Productivity technology and app-maker Mogul has released what it describes as an “invitation-only” subscription tool for companies “trying to find diverse executive talent” as well as “senior women looking for new and better opportunities at the [vice president], c-suite and board member level.”
The tool is also a way to avoid the “high costs” of hiring executive search firms, the company said.
The overarching goal of the invite-only tool is to increase representation of women in the workplace. And Mogul, which describes itself as “the fastest-growing ecosystem for 30 million-plus women across 196 countries,” said it is in a “unique position to address this issue in the world, with female leaders and mavericks on its board of advisers including Suze Orman, Tina Exarhos, Ann Sarnoff and Cathie Black.”
Mogul also has notable “mentors,” who include Rebecca Minkoff, Chelsea Clinton and Katie Couric, among others.
Mogul said it is the owner of the “most comprehensive databases of senior women worldwide and one of the largest networks of 60,000 h.r. leaders.” Mogul said these leaders hail from clients such as IBM, Amazon, Home Depot, Bain & Co., CBS and Western Union, among others.
The company said by bridging its h.r. database with its 30 million women users, the “initiative aims to propel senior female leadership, transparently connecting them to executive job openings and further increasing diversity and inclusion at the top, thus paving the way for further diversity and inclusion across all other levels.”
Tiffany Pham, founder and chief executive officer of Mogul, said the company aspires “to help the world to reach its full potential, and so we must innovate and disrupt outdated practices, like women not being provided the same access to opportunities or information as others as they rise the ranks at work.”
As part of that commitment, Mogul offers free education resources “to women in need” across the globe via partnerships with the U.N. and other organizations. The company also convenes Millennials with its Mogul X events, which are designed to help attendees reach their goals while inspiring them as well. Speakers at the event in September, in New York City, include Orman and Pham as well as Ali Kriegsman, cofounder of Bulletin, and Stephanie Cohen, chief strategy officer at Goldman Sachs.
With this latest initiative, the aim to address the challenges faced by female business leaders.

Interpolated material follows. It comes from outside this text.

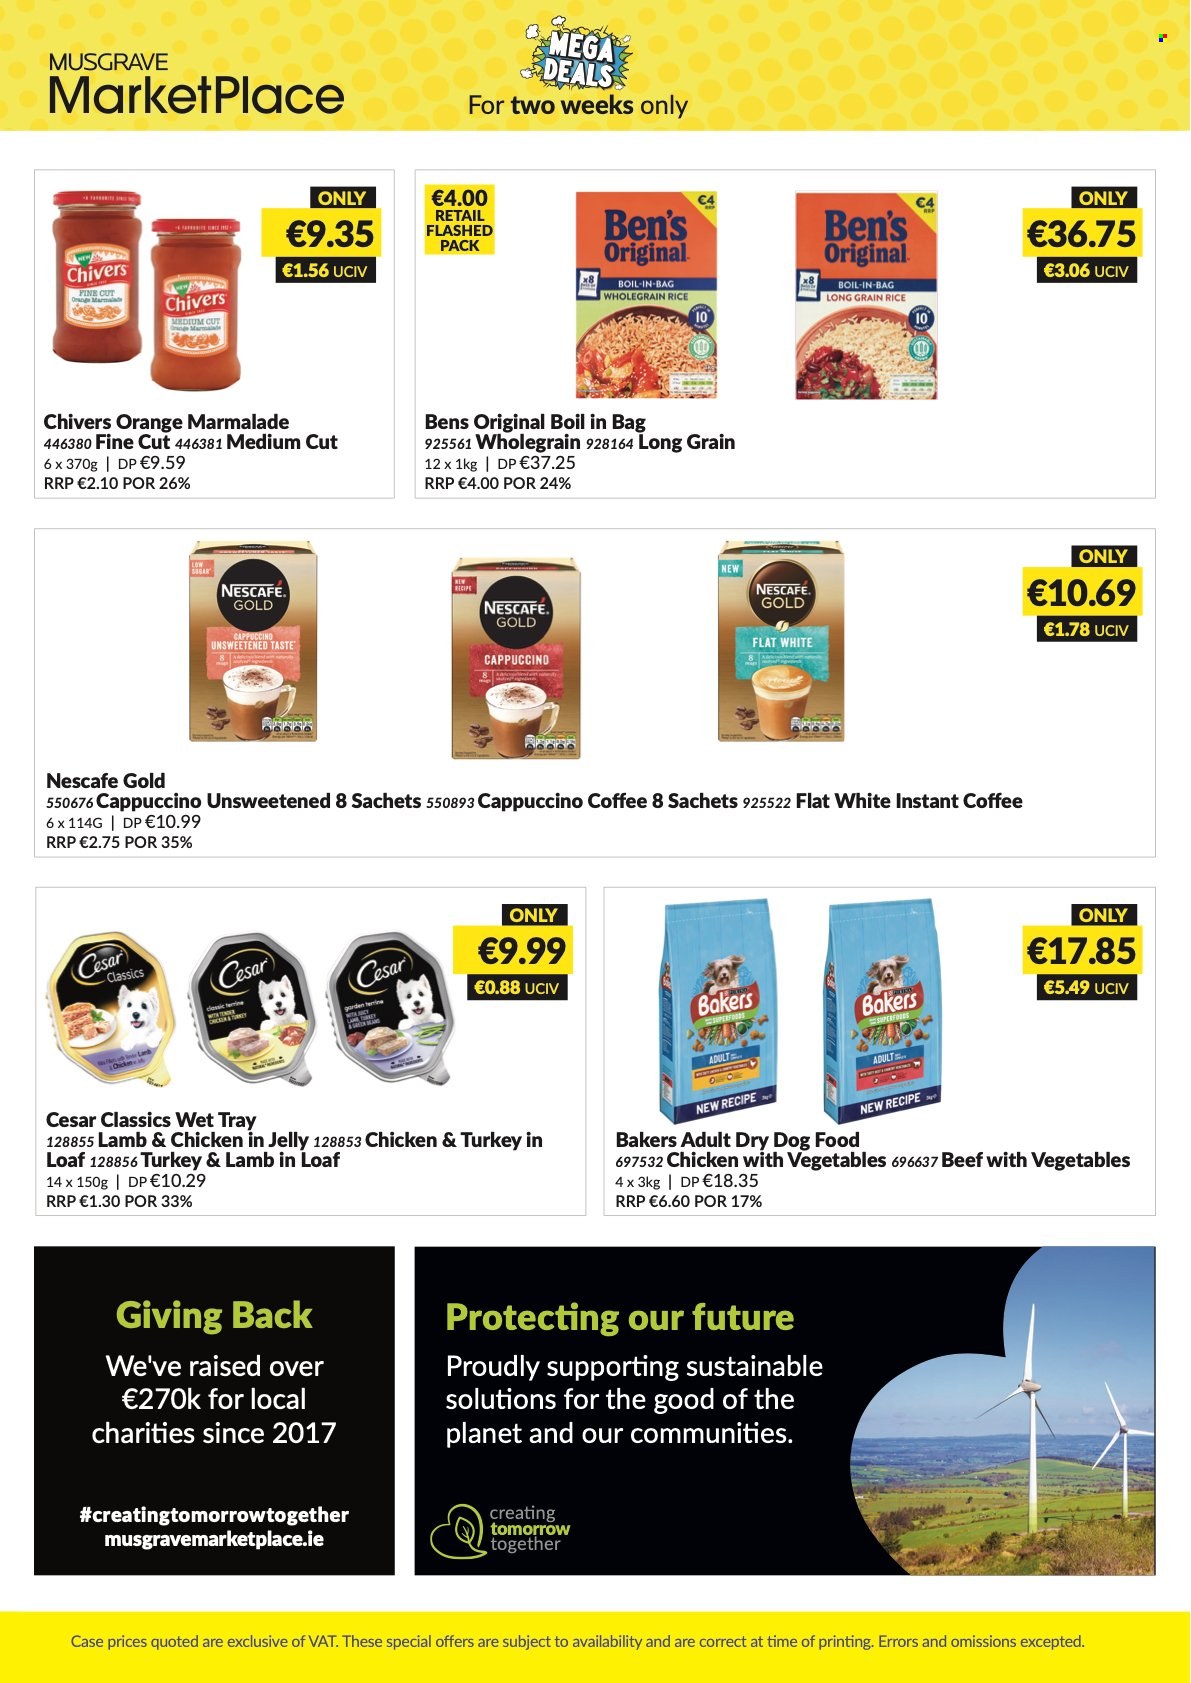 MUSGRAVE Market Place offer  - 19.6.2022 - 2.7.2022 - Sales products - orange, rice, whole grain rice, long grain rice, cappuccino, instant coffee, Nescafé, tray, animal food, dry dog food, dog food, Bakers. Page 3.
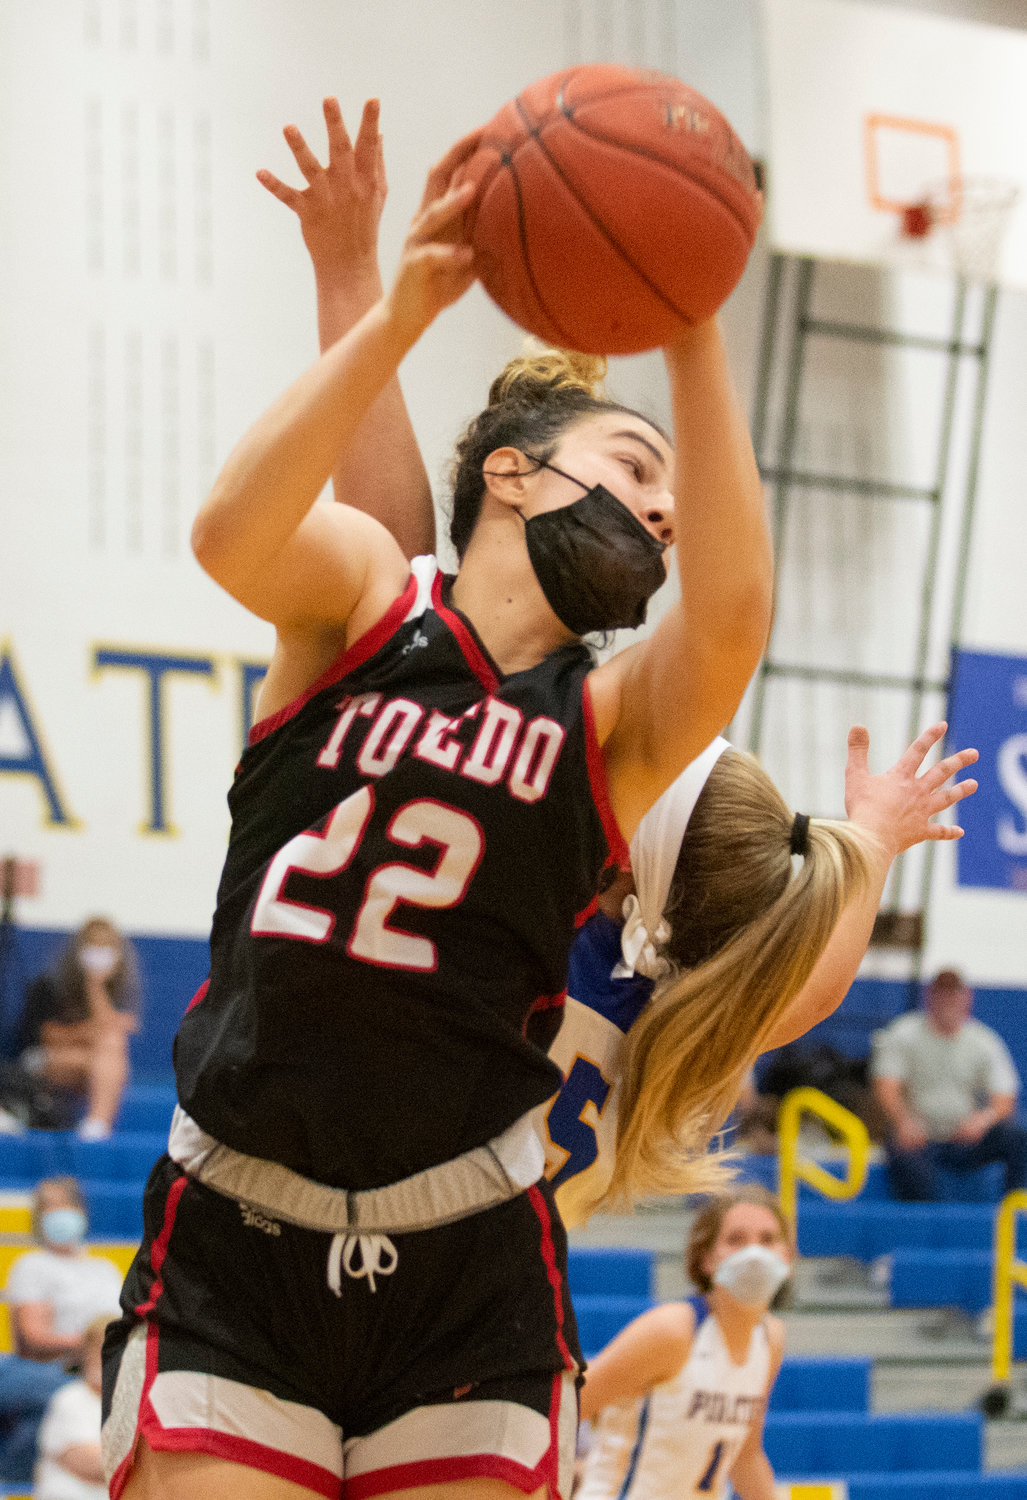 Toledo sophomore Abbie Marcil (22) pulls down an offensive rebound against Adna on Thursday.

“We must get rid of biases that diverse talent faces across all levels, keeping them from reaching their goals and realizing their full potential,” Pham said. “We, therefore, created ‘invitation only’ to address this problem women around the world must overcome throughout their careers, by working directly with Fortune 500 companies, high-growth startups, and consulting firms to support their employer branding and executive search efforts to attract, retain, and advance these women in leadership roles.”
To add some context, Mogul said 90 percent of senior executive positions are attained through networking, “while 85 percent of this network of senior positions are men.” The company said gender parity initiatives “aren’t focusing enough” on helping women reach senior roles. Mogul said men hold about 62 percent of manager positions versus 38 percent for women.
“With ‘invitation only,’ businesses will be able to feature [vice president], c-suite and board member-level jobs to Mogul’s high-profile network of 15,000 senior women currently holding executive roles at Fortune 500 companies, top-tier growth-stage start-ups and consulting firms,” the company said, adding that it means businesses can use the new platform to directly reach senior women executives worldwide, “rather than use expensive executive recruitment firms,” which it claimed can cost “anywhere to several millions of dollars a year to fill these same executive roles.”
Mogul said its partners that have signed up to use the platform include Expedia, Ericsson, Stanley Black & Decker, MediaRadar and Hansgrohe.
Expedia described the “invitation-only” platform and initiative in a statement as a “pioneering movement to increase female representation as a whole, especially for senior roles,” while adding that it hopes “to set a standard in the industry on creating the same opportunities for everyone. We want to leverage disruptive technology to accelerate finding top female talent, as otherwise most of these job opportunities at the senior level come from a niche network.”
Expedia said executive recruitment firms “are very expensive” and with the new networking platform from Mogul, the company “can now drive ROI, given the lower costs, and focus our investments and efforts on even further resources that benefit advancing women and diversity and inclusion at work.”